Crohn's disease has a worldwide distribution with an incidence or 0.5-5/100 000, which is rising. The disease usually appears in adolescents or young adults (there is also a peak in the older population) and is more common in people of European origin, especially people of Jewish heritage. Up to 40% will have a family history of some form of idiopathic inflammatory bowel disease (IIBD).
The pathogenesis of Crohn's disease is unknown.
The two main features that differentiate Crohn's disease from ulcerative colitis (UC) and other inflammatory gastrointestinal system disorders are that in Crohn's disease, the inflammation affects all layers of the bowel wall (i.e., it is transmural) and it is discontinuous, with segments of inflamed tissue separated by areas of uninflamed tissue (so-called skip lesions). Crohn's disease affects predominantly the ileum and cecum together in 40% of cases, the colon alone in 30% and the small bowel alone in 30%. Occasionally, patients will have esophageal and gastroduodenal involvement. Affected segments of bowel show marked wall thickening (because the disease is transmural), with fibrosis, mucosal ulcerations and a cobblestoned mucosal appearance. Inflammatory polyps and fistulae may occur, and bowel loops may become matted together. Histologically, the hallmarks are transmural inflammation, fissuring ulcers and epithelioid granulomas.
Major complications include obstruction, perforation, hemorrhage, and fistulization.

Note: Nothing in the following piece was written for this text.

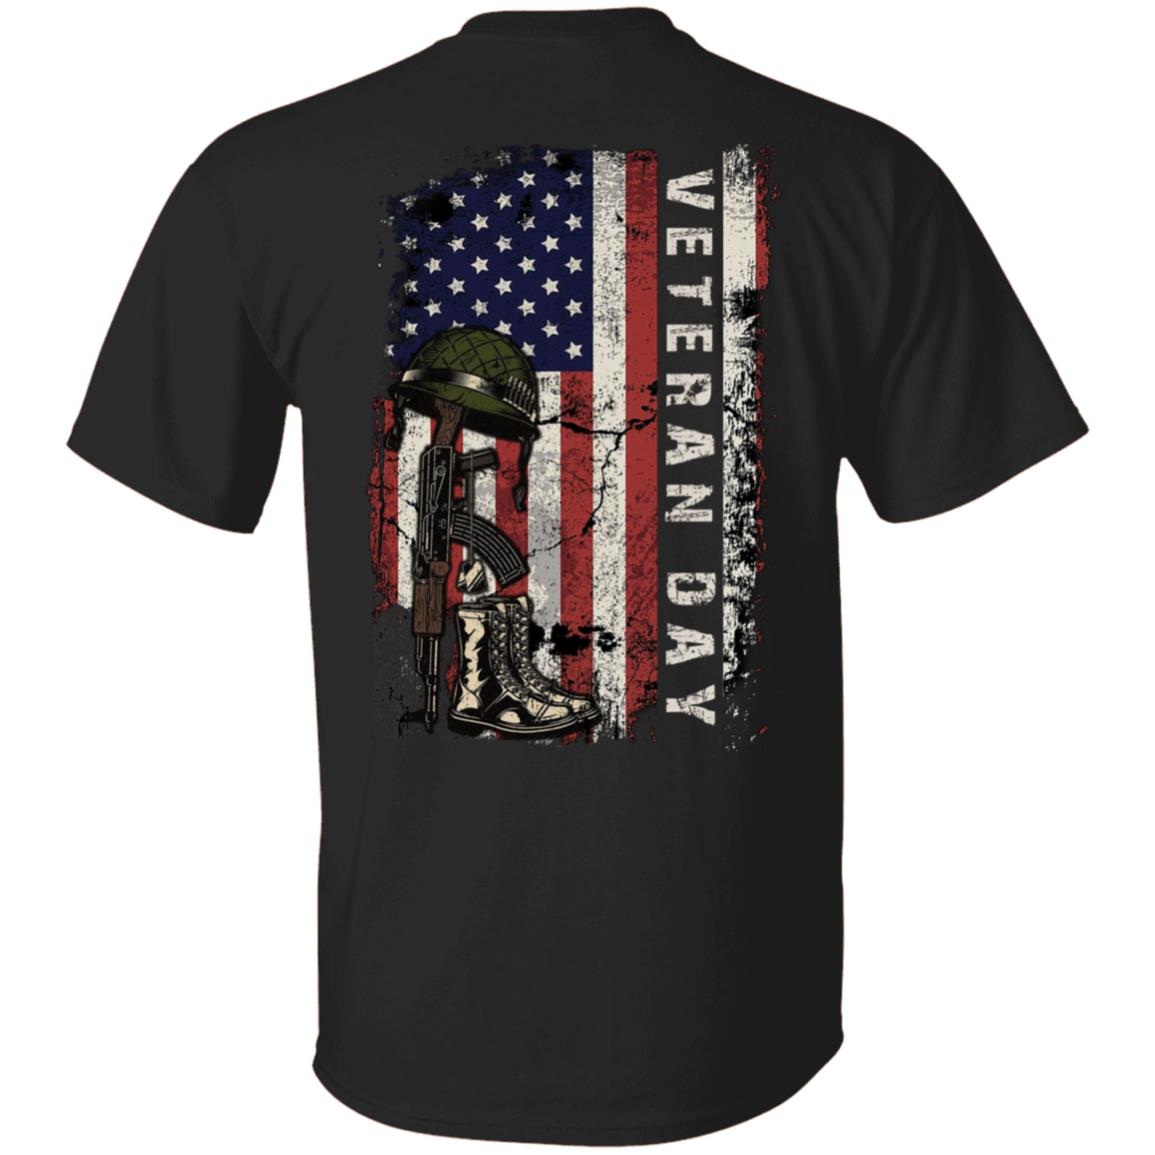 US Flag Veteran Day Gift Shirt

The course is typically characterized by intermittent attacks with remissions and exacerbations. The most frequent symptoms are abdominal pain and diarrhea with or without fever and bleeding. Intestinal obstruction and fistula formation are the the most common complications. Patients with long-standing Crohn's disease have an increased incidence of intestinal cancer.

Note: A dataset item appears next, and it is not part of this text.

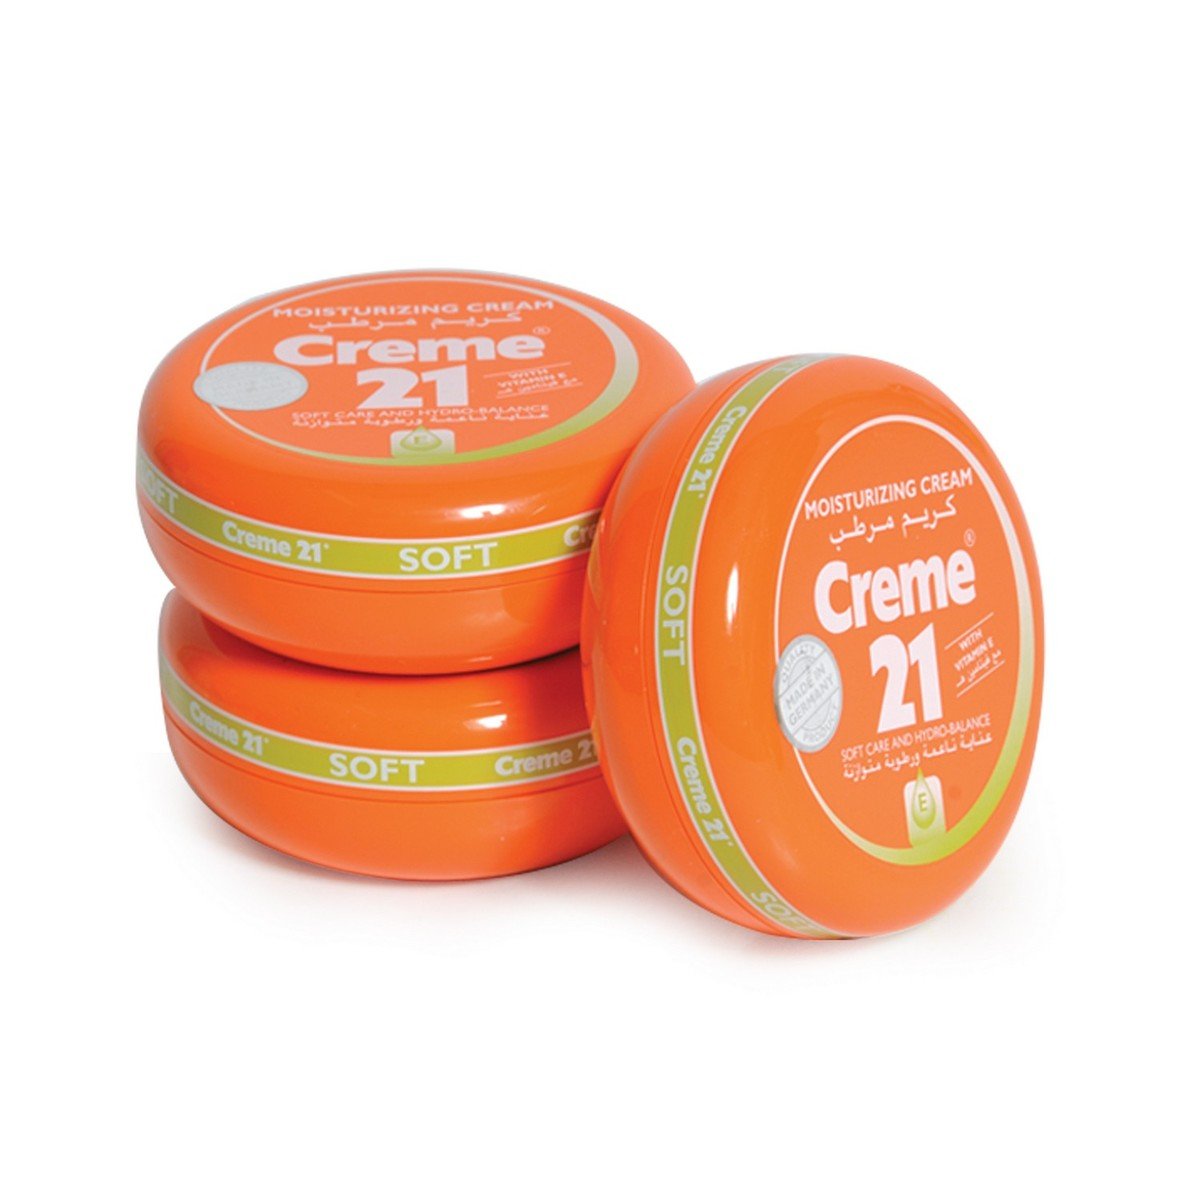 Creme 21 All Day Cream 150ml x 2+1

Extraintestinal manifestations include inflammatory lesions of the eyes, arthritis, skin lesions and liver disease with bile duct inflammation. Crohn's disease cannot be cured with medications or surgery, but symptoms can be controlled with a variety of anti-inflammatory medications (e.g., corticosteroids and sulfasalazine). Surgery is reserved to control complications such as obstructive or fistulizing lesions.